Additionally, the term "charitable contribution," as it is used in section 170, is largely synonymous with the term "gift." Davis v. Commissioner,81 T.C. 806, 817 (1983), affd. without published opinion 767 F.2d 931 (9th Cir. 1985); Seed v. Commissioner,57 T.C. 265, 275 (1971); Wolfe v. Commissioner,54 T.C. 1707, 1713 (1970); DeJong v. Commissioner,36 T.C. 896, 899 (1961), affd. 309 F.2d 373, 376-379 (9th Cir. 1962). A gift is generally defined as a voluntary transfer of property to another without consideration. Retained control and personal benefits preclude a finding of a gift. Davis v.
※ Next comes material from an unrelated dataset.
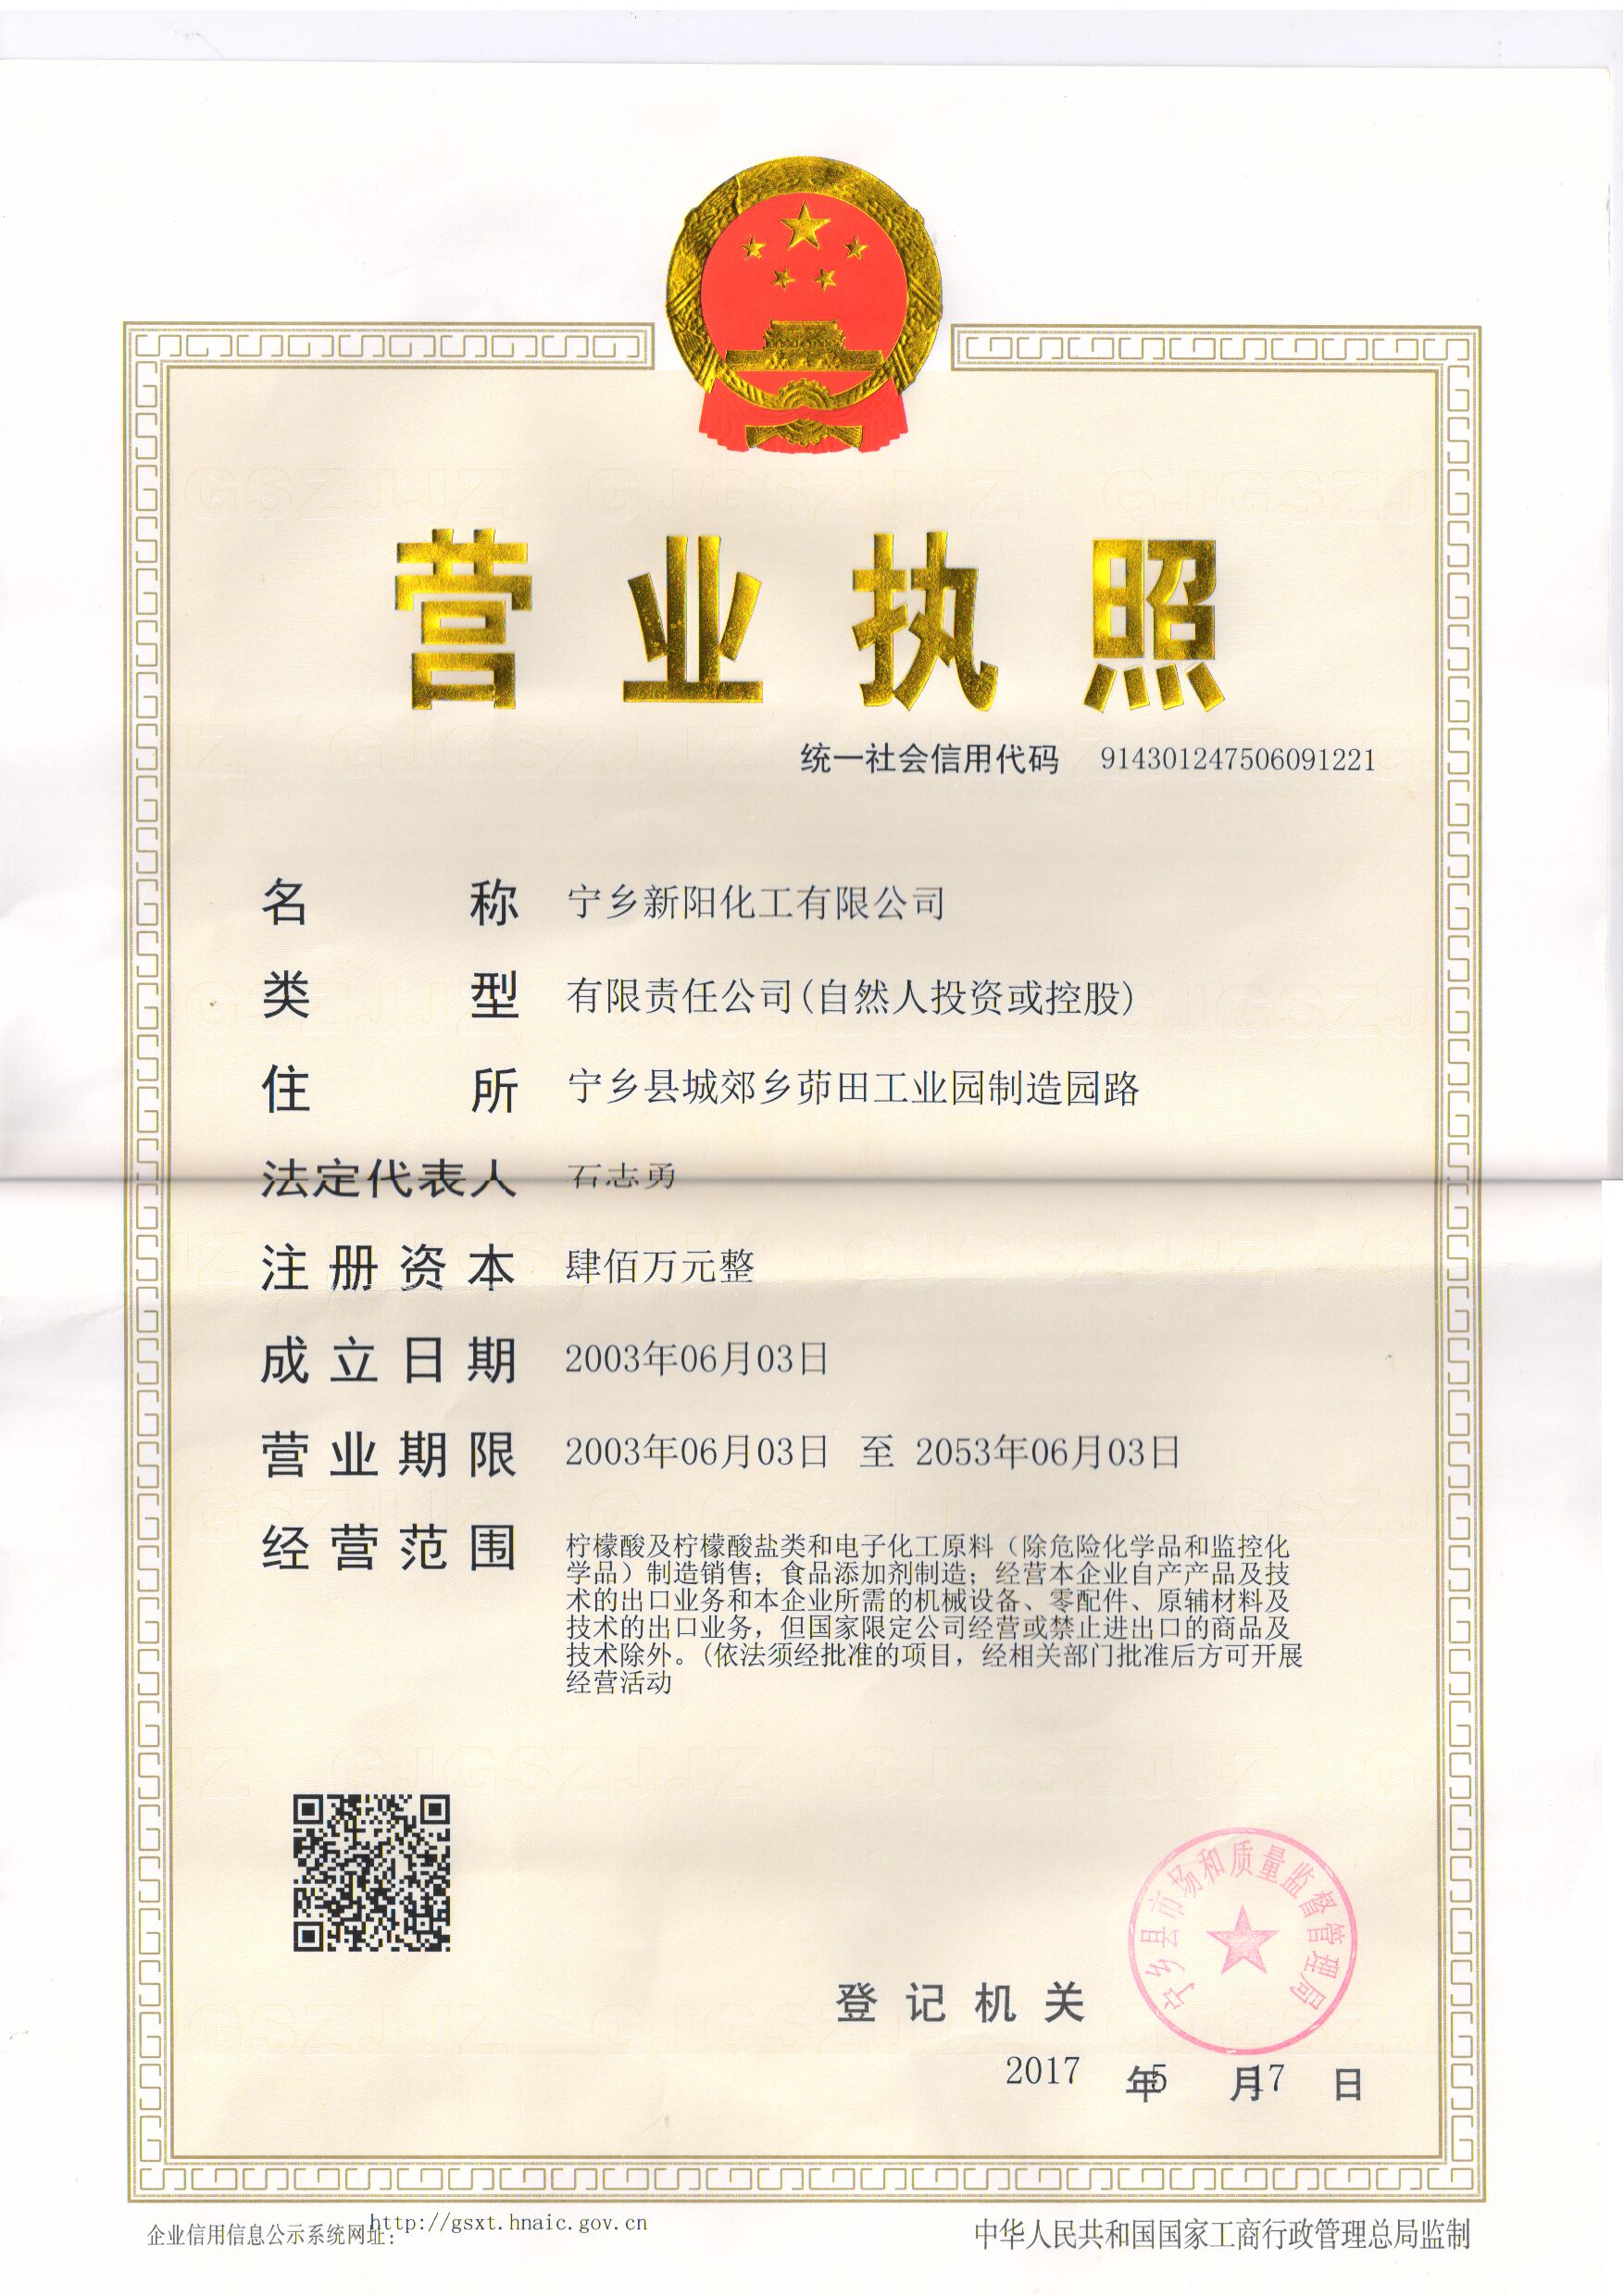 Ningxiang Xinyang Chemical Co., Ltd

Commissioner,supra.
The petitioner's retained dominion and control of MARRES' funds, and the personal benefits derived from such funds, precludes a finding of any charitable contributions within the meaning of section 170. The record clearly establishes that the petitioner retained control over the funds transferred to MARRES and then to an account in the name of LEON. The petitioner has always had complete control over both MARRES and LEON. Not only has he been the executive director of MARRES and president of LEON since their inception, but he has had sole signatory authority over both of the accounts. Additionally, an analysis of the checks and stubs for the LEON account establishes that the petitioner utilized such funds for subscriptions and dues, a real estate training course, and payment on the petitioner's personal loan with the Government Agencies Dallas Federal Credit Union. No evidence whatsoever has been offered to show us that these uses do not constitute benefits inuring to the petitioner. Thus, the petitioner has utterly failed to carry his burden of proving that the funds transferred to MARRES constitute charitable contributions; therefore, the petitioners' claimed contributions are not deductible.
We must also decide whether any part of the deficiencies due from the petitioners is attributable to their negligence or intentional disregard of rules and regulations within the meaning of section 6653(a). Under this section, negligence is the lack of due care or failure to do what a reasonable and ordinarily prudent person would do under the circumstances. Neely v. Commissioner,85 T.C. 934, 947 (1985). The petitioners have the burden of proving they were not negligent. Neely v. Commissioner,supra;Bixby v. Commissioner,58 T.C. 757, 791 (1972);Inter-American Life Insurance Co. v. Commissioner,56 T.C. 497, 512 (1971), affd. per curiam 469 F.2d 697 (9th Cir. 1972). The petitioners have failed to introduce any evidence to carry their burden. Indeed, the petitioners struck us as reasonably intelligent, well educated individuals; they must have known that some record of their claimed contributions would be required. However, no such evidence has been provided to us. Furthermore, no reasonable person could have believed that amounts channeled through MARRES and LEON to their own bank account and amounts used for their own personal benefit could qualify as charitable contributions. On the basis of this record, we hold that the petitioners have failed to carry their burden of showing that the underpayments of tax were not due to negligence or intentional disregard of rules and regulations.
Decision will be entered under Rule 155.